I believe the files are reported because AVG unpacks them (from some files found on your disk), stores them as a temp files on disk, now avast! resident protection detects them and reports.
If they are reported as [Joke] and [Tool], it’s probably nothing dangerous… but I think the report from avast! is intentional.
Real_Oldman, there is a possibility (remote) that avast and AVG could live together but only in Windows Vista.
If you don’t have it, just don’t try to test. Even if you disable one of them, even if you do not install some resident parts of AVG (like email)… sooner or later, trouble.
As a convert to Avast - i’d say stick with it. I’ve played around [tested!] with both for a few months. Avast isn’t so cosmetic as AVG but i think it does updates more often and the screensaver is great. I leave the screen saver to my scanning.
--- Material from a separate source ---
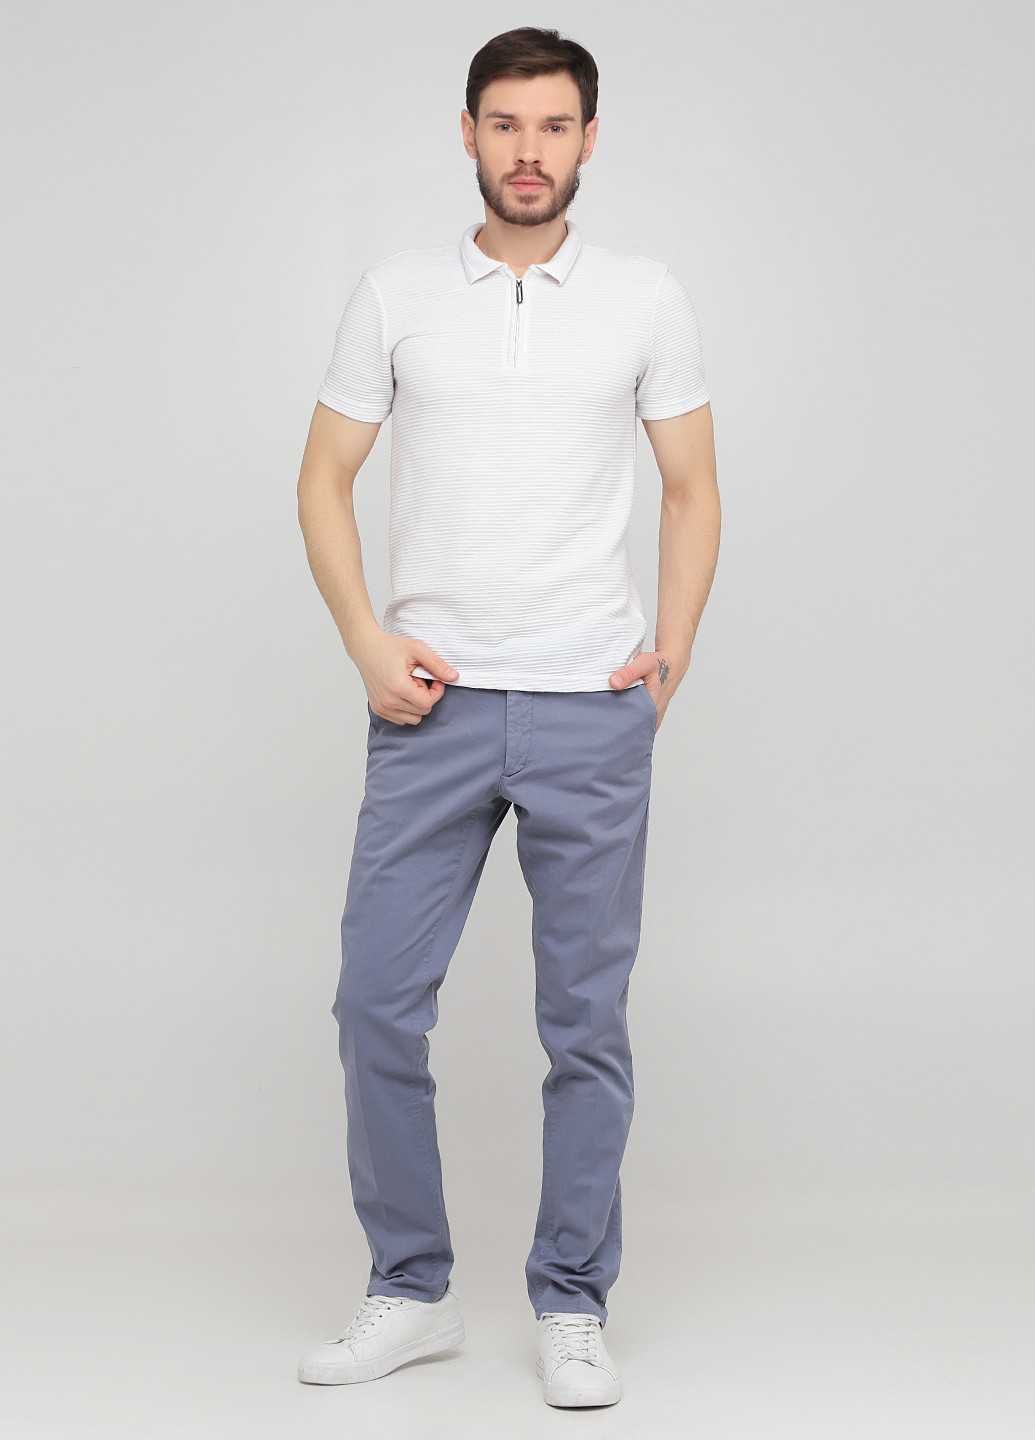 Голубые кэжуал демисезонные чиносы брюки Massimo Dutti
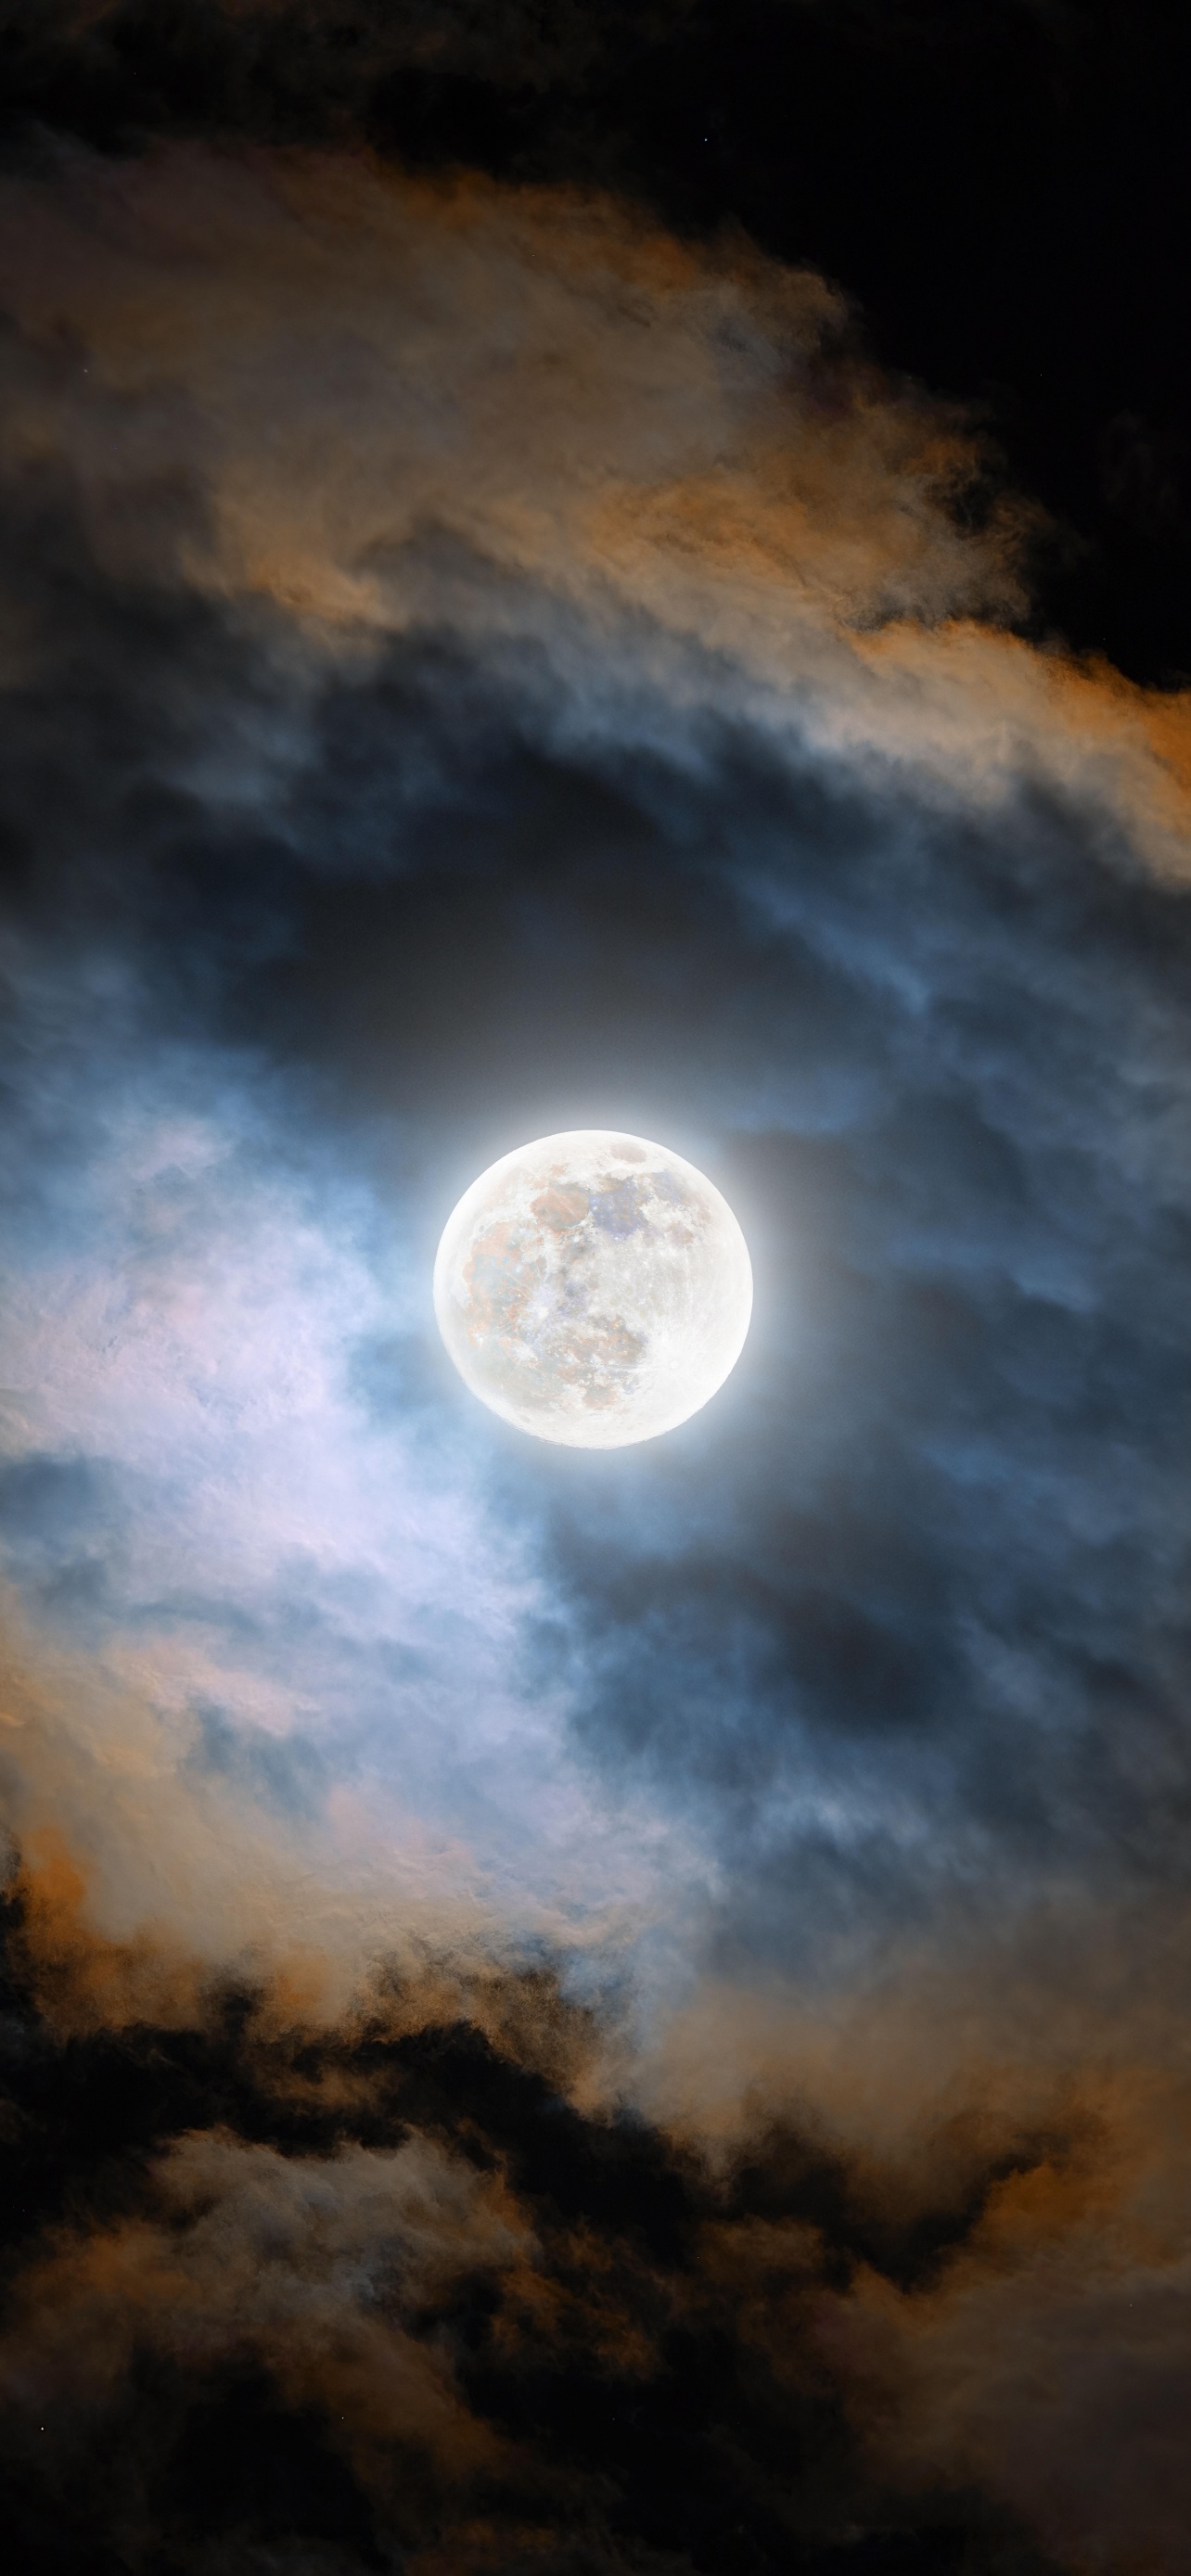 Cold Moon Wallpaper 4K, Night, Clouds, Dark, Glowing, 5K, 8K, 12K, Space

Only thing i would say is email scanning isn’t worth bothering with - i manually scan my USB portable thunderbird. I did try the webmail for email scanning and then found there was a glitch - it wiped my inbox and created another directory.
I’d go further and say it’s often impossible to run more than 1 AV (resident.) Conflictions are likely (my experience from a while back) and I’ve read from a few experts that the level of protection can actually end up being less.
I’ve used AVG, Avira, Norton, and Avast. I prefer Avast, and believe it has, through its configurable options, webshield, and boot scan (currently u/s but should be fixed soon) a better level of protection.
Personally, I’d uninstall both of them, (be disconnected from the net) run a disk cleanup with CCleaner (or similar) restart, and install fresh the one you want to use.
If you choose Avast I doubt that you’ll be disappointed. I find the forum support excellent and fast, the program excellent, and have been pretty much malware free since using it. (With a few other security applications.)
I’ve used Portable Thunderbird and avast scanned its mail. To see if avast! is scanning emails, check one of these points:
Is the avast icon (the special one of email scanning) be shown in the system tray?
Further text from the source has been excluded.